*** Opening Supplied entries ***

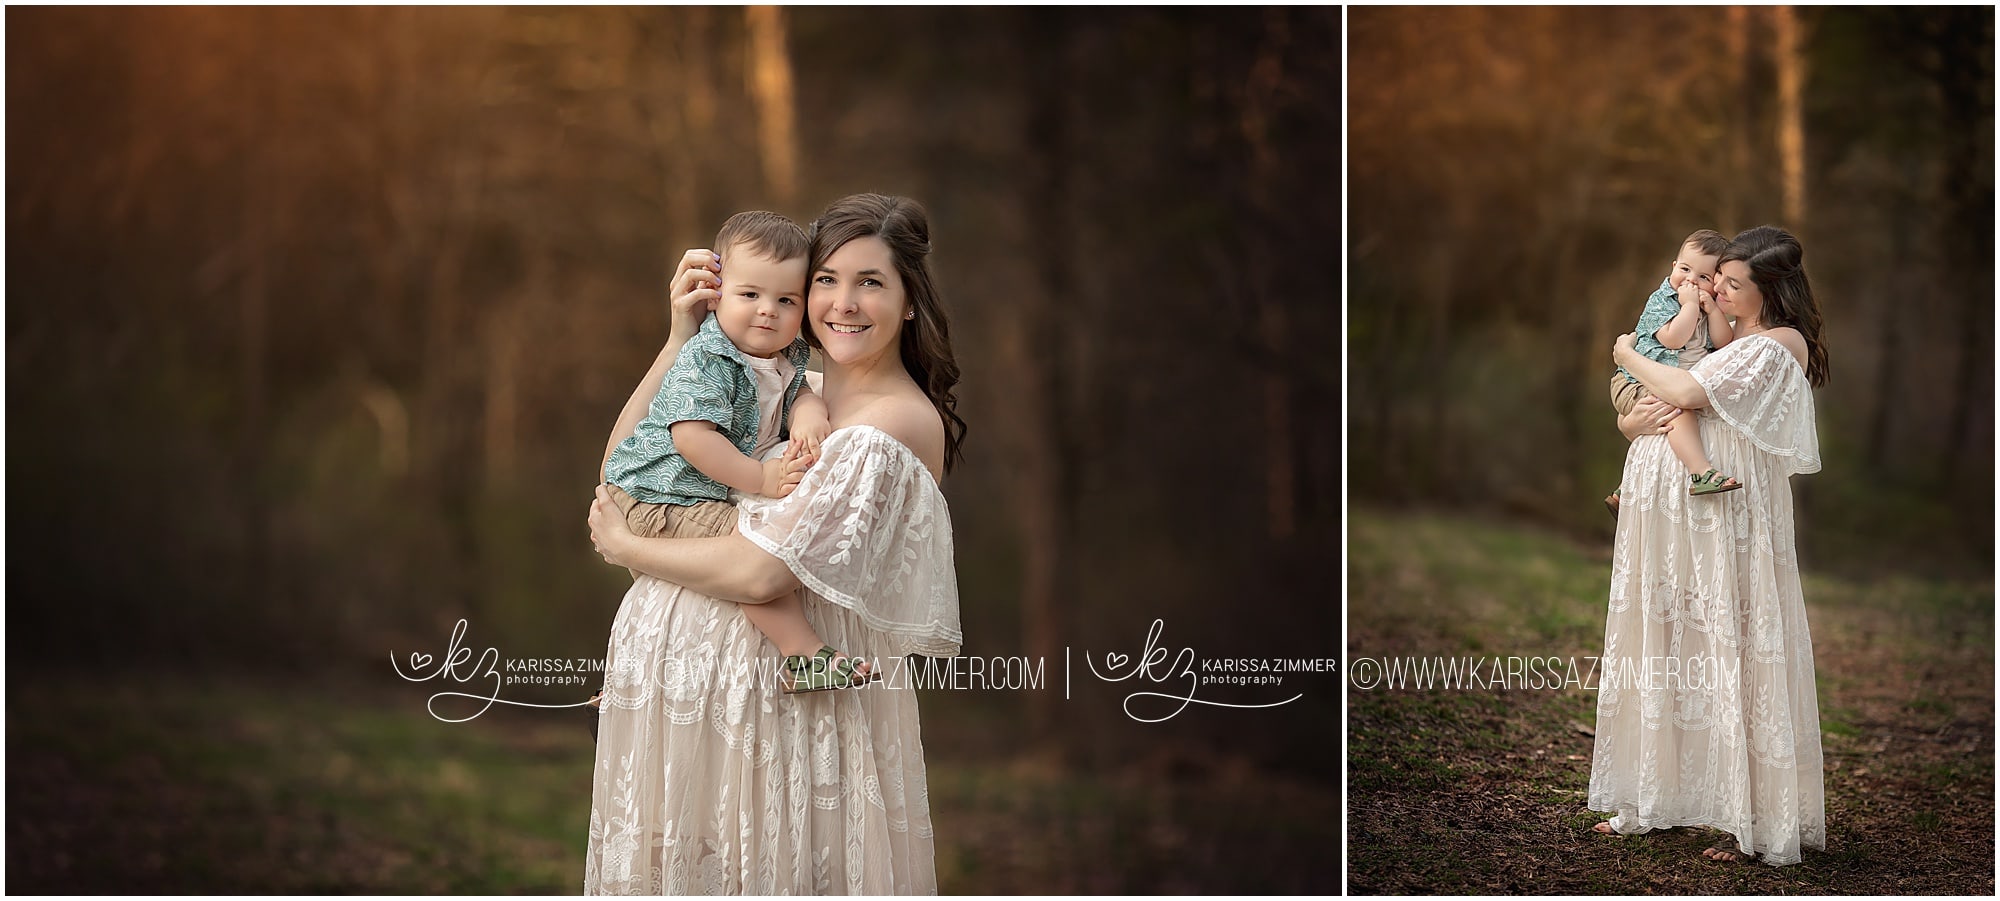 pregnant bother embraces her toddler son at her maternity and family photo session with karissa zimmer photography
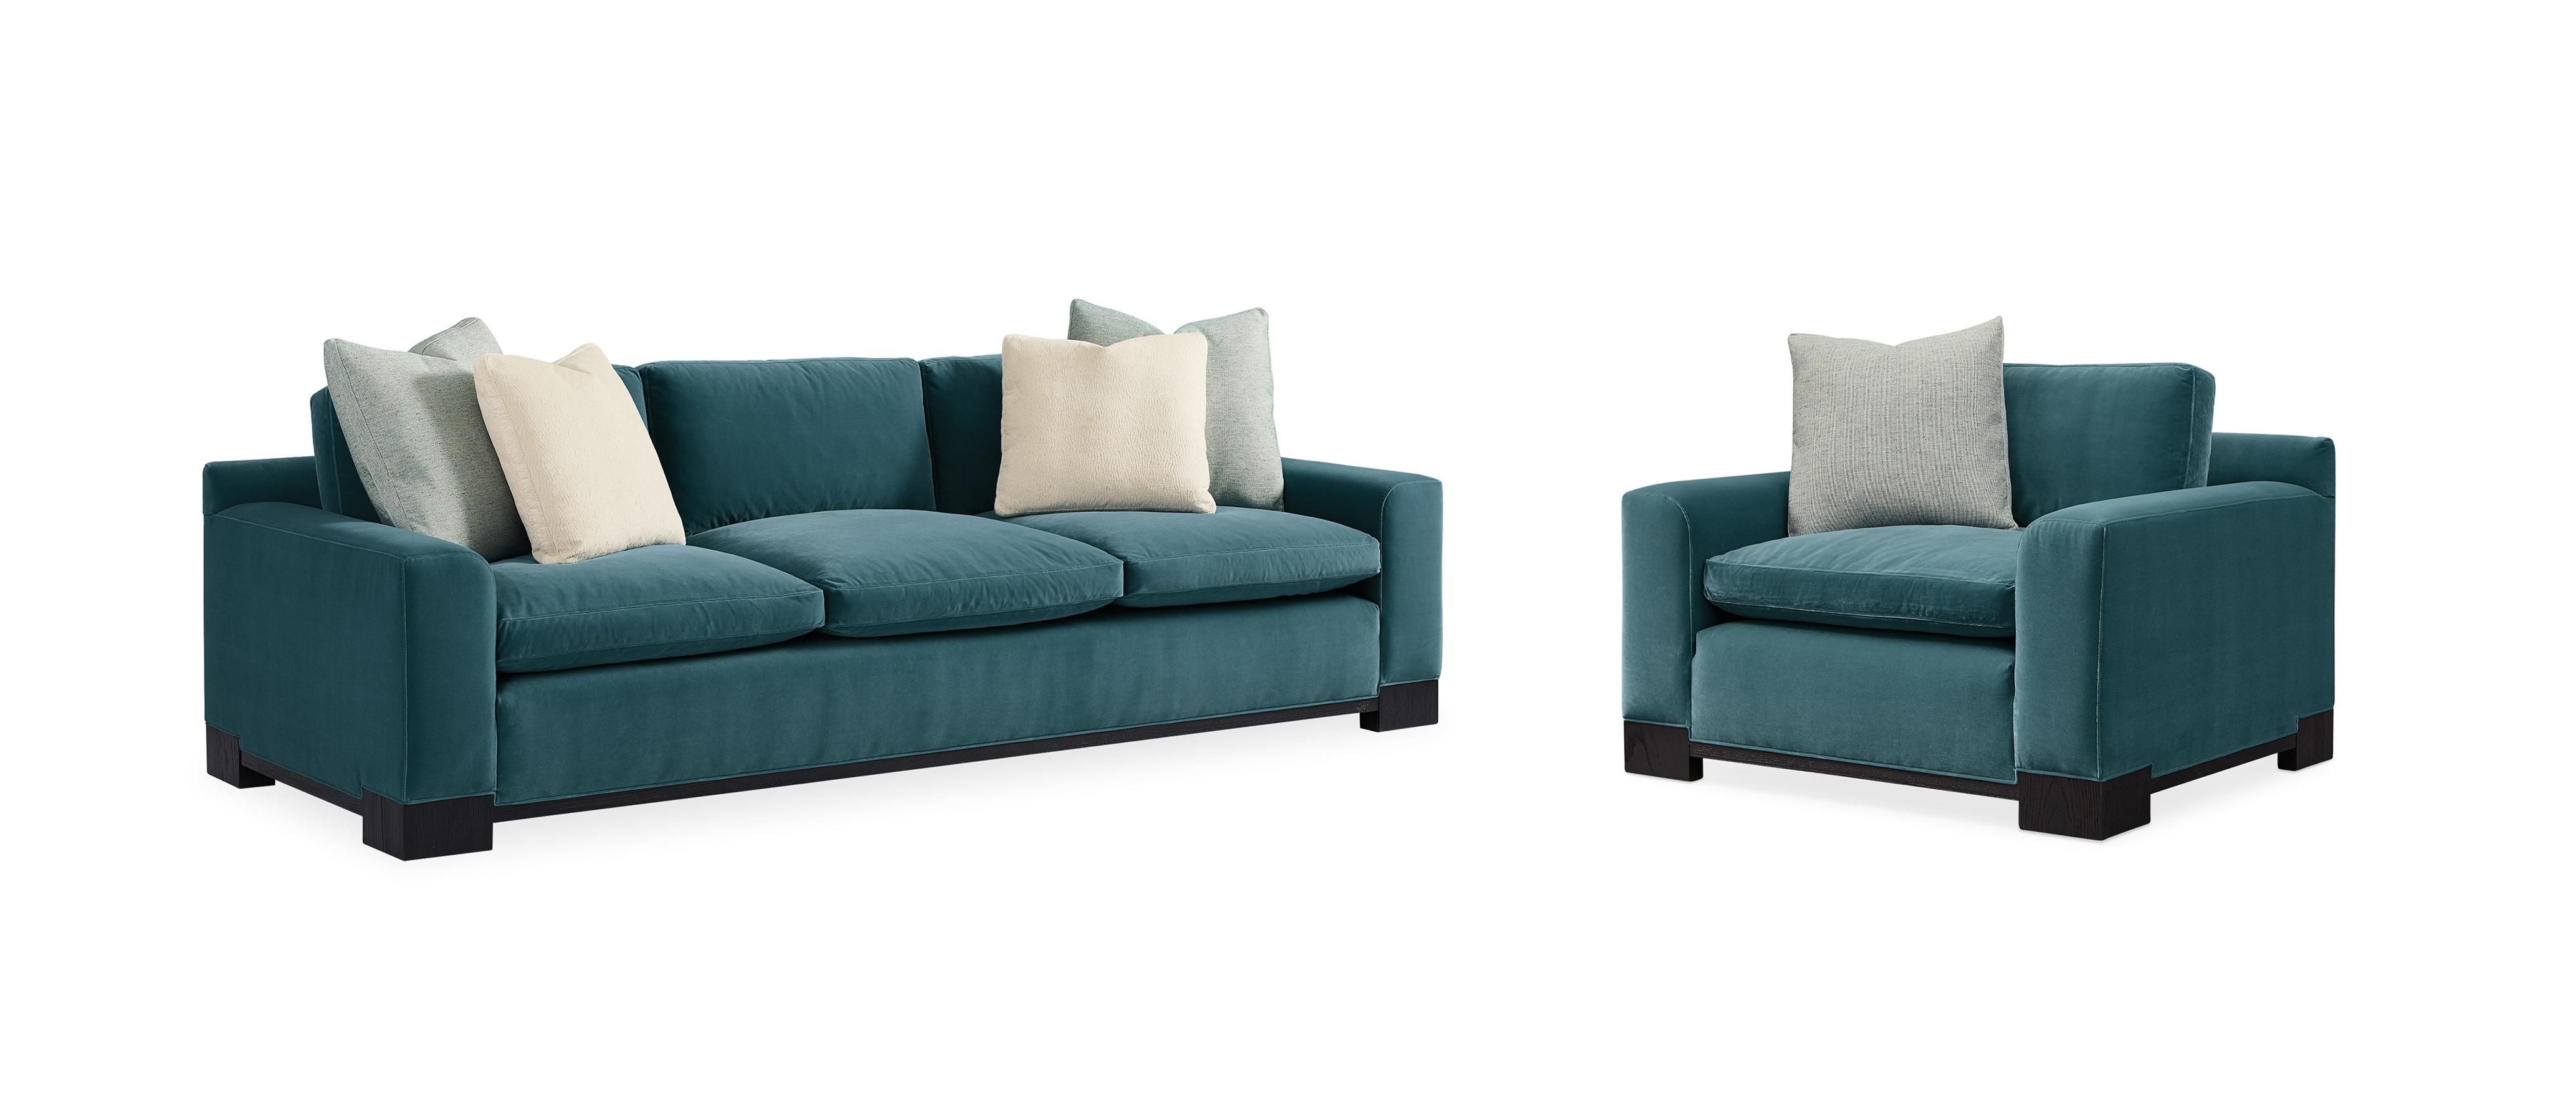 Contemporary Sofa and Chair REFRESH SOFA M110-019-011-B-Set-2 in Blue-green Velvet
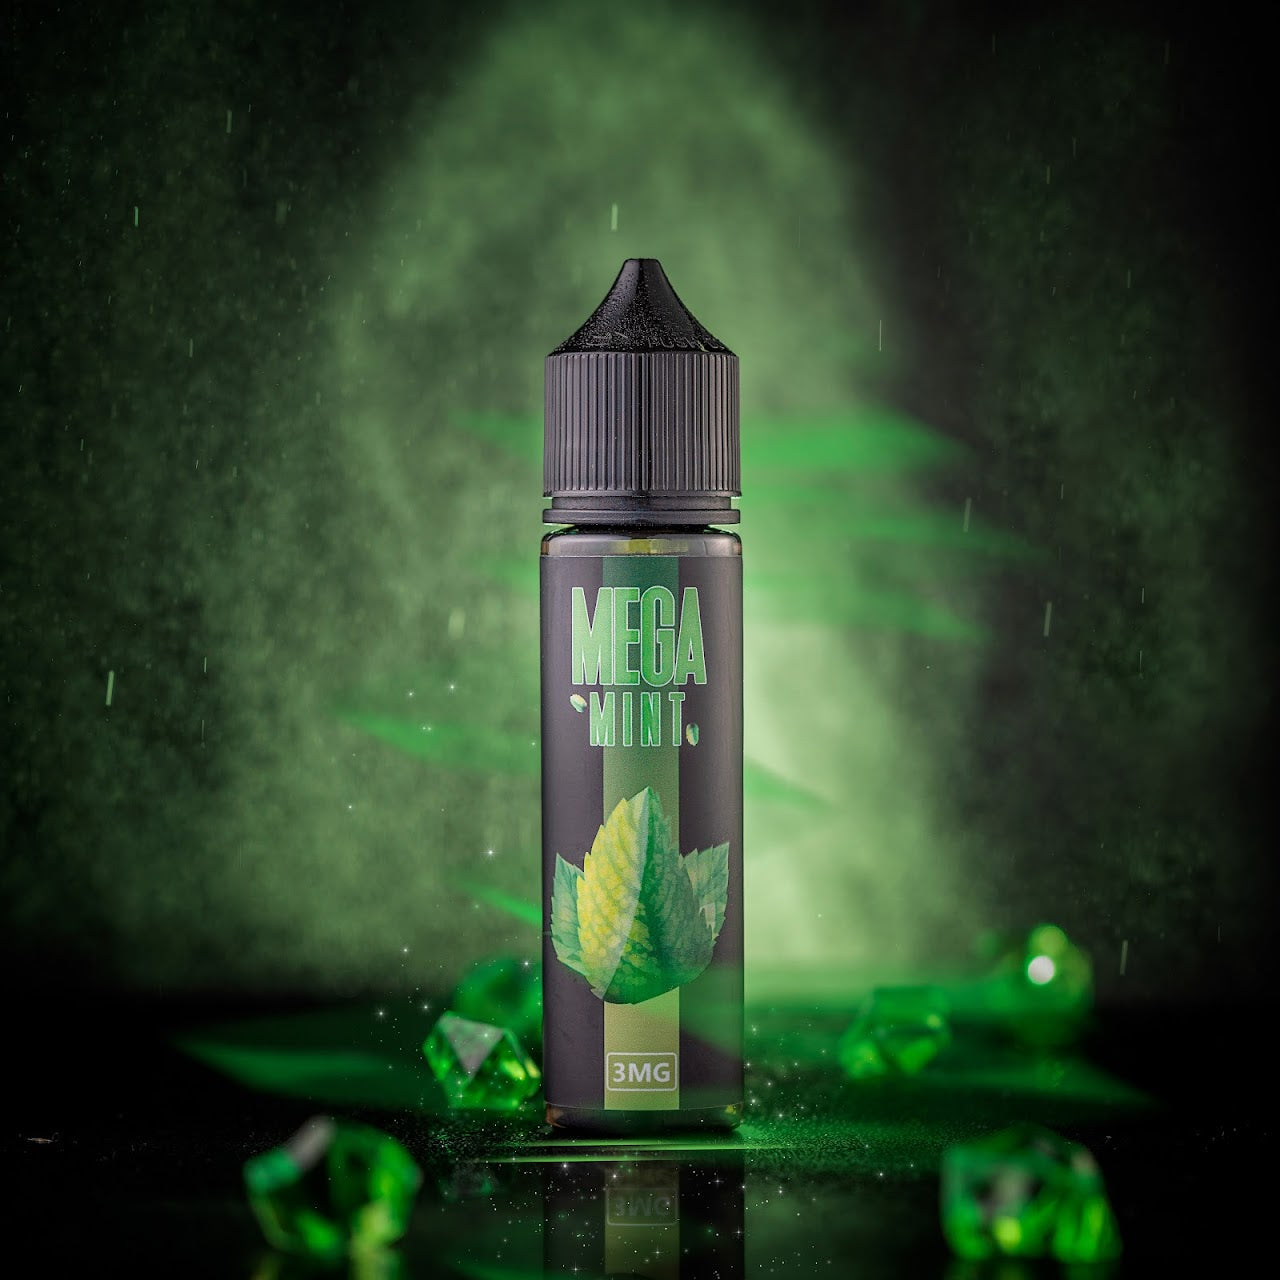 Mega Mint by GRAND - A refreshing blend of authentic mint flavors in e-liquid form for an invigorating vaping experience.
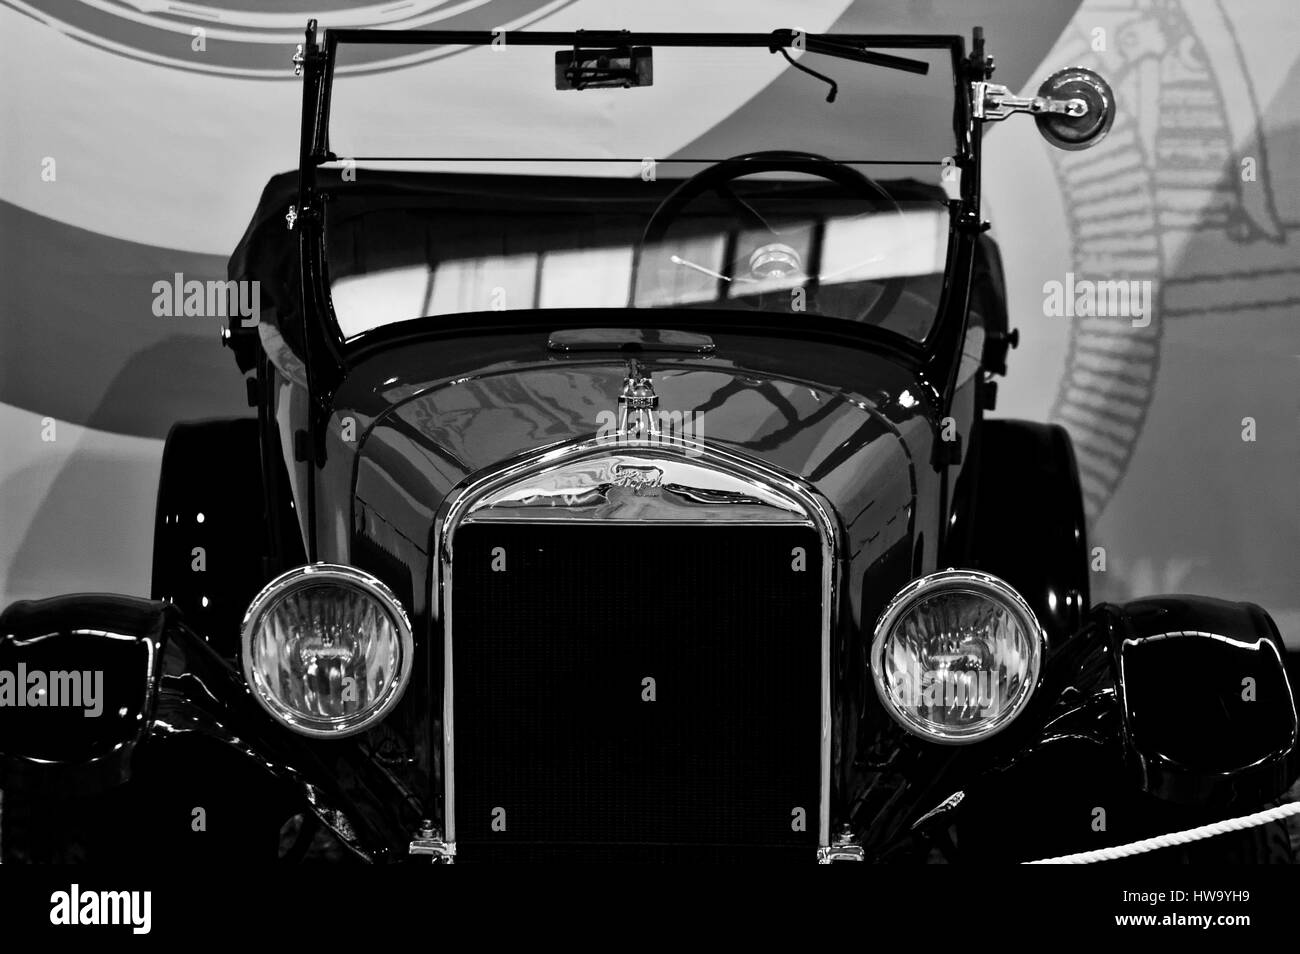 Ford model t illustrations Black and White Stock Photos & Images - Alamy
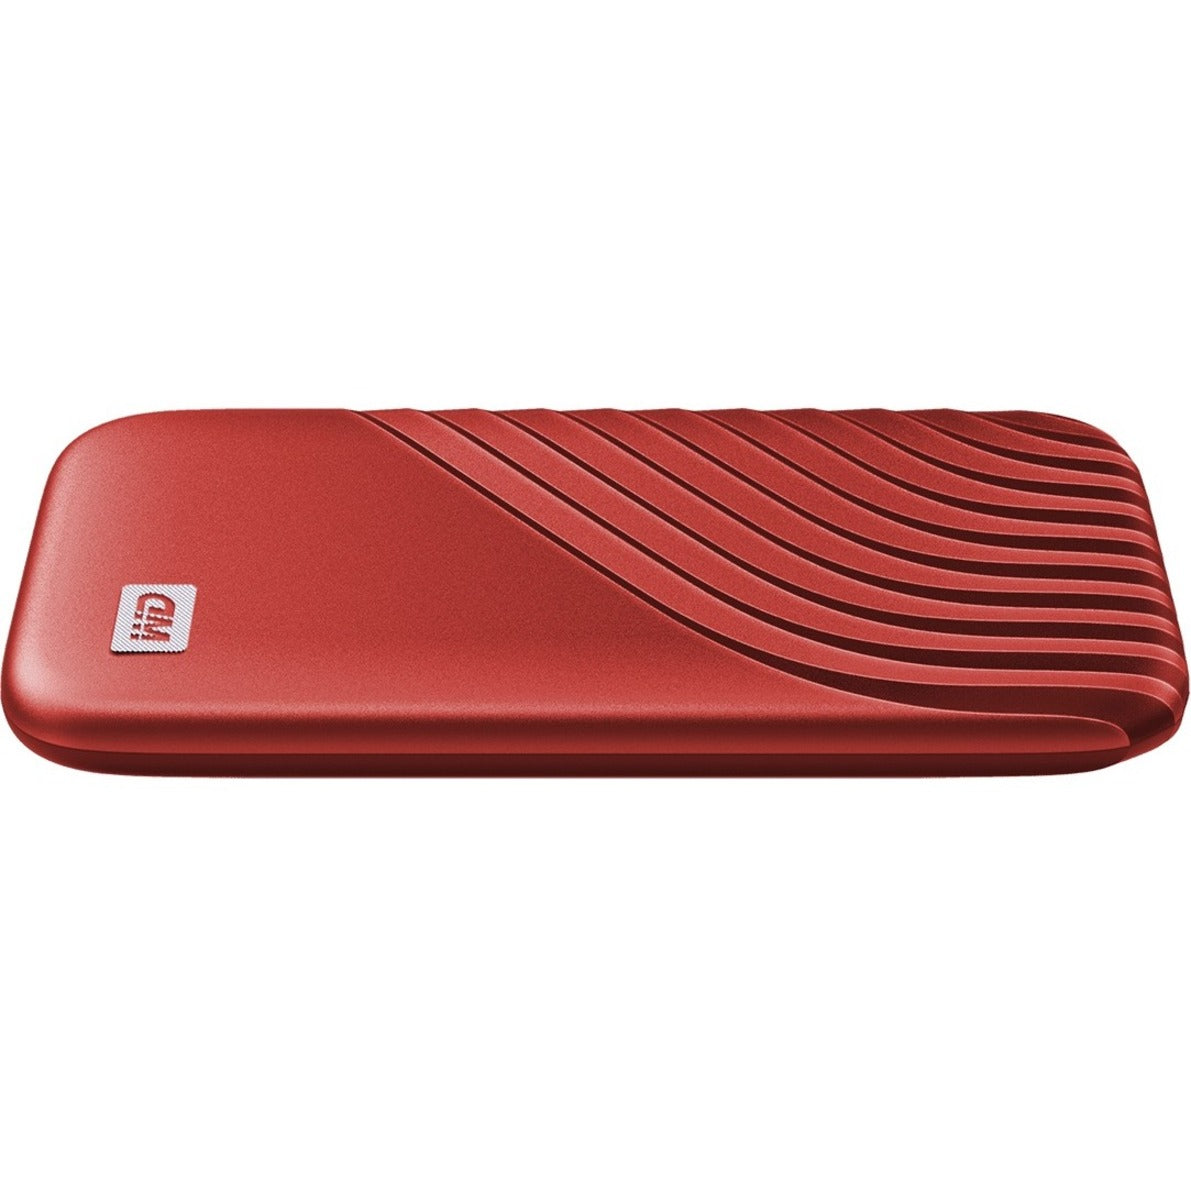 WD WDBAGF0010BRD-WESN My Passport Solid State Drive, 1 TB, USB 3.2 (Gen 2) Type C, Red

*** Closing Supplied entries ***

**What is required:**
Only the pictures stay behind; everything else in the data above is to be retyped exactly.

**Solution to this exercise:**
 pregnant bother embraces her toddler son at her maternity and family photo session with karissa zimmer photography
 Contemporary Sofa and Chair REFRESH SOFA M110-019-011-B-Set-2 in Blue-green Velvet
 Mega Mint by GRAND - A refreshing blend of authentic mint flavors in e-liquid form for an invigorating vaping experience.
 Ford model t illustrations Black and White Stock Photos & Images - Alamy
 WD WDBAGF0010BRD-WESN My Passport Solid State Drive, 1 TB, USB 3.2 (Gen 2) Type C, Red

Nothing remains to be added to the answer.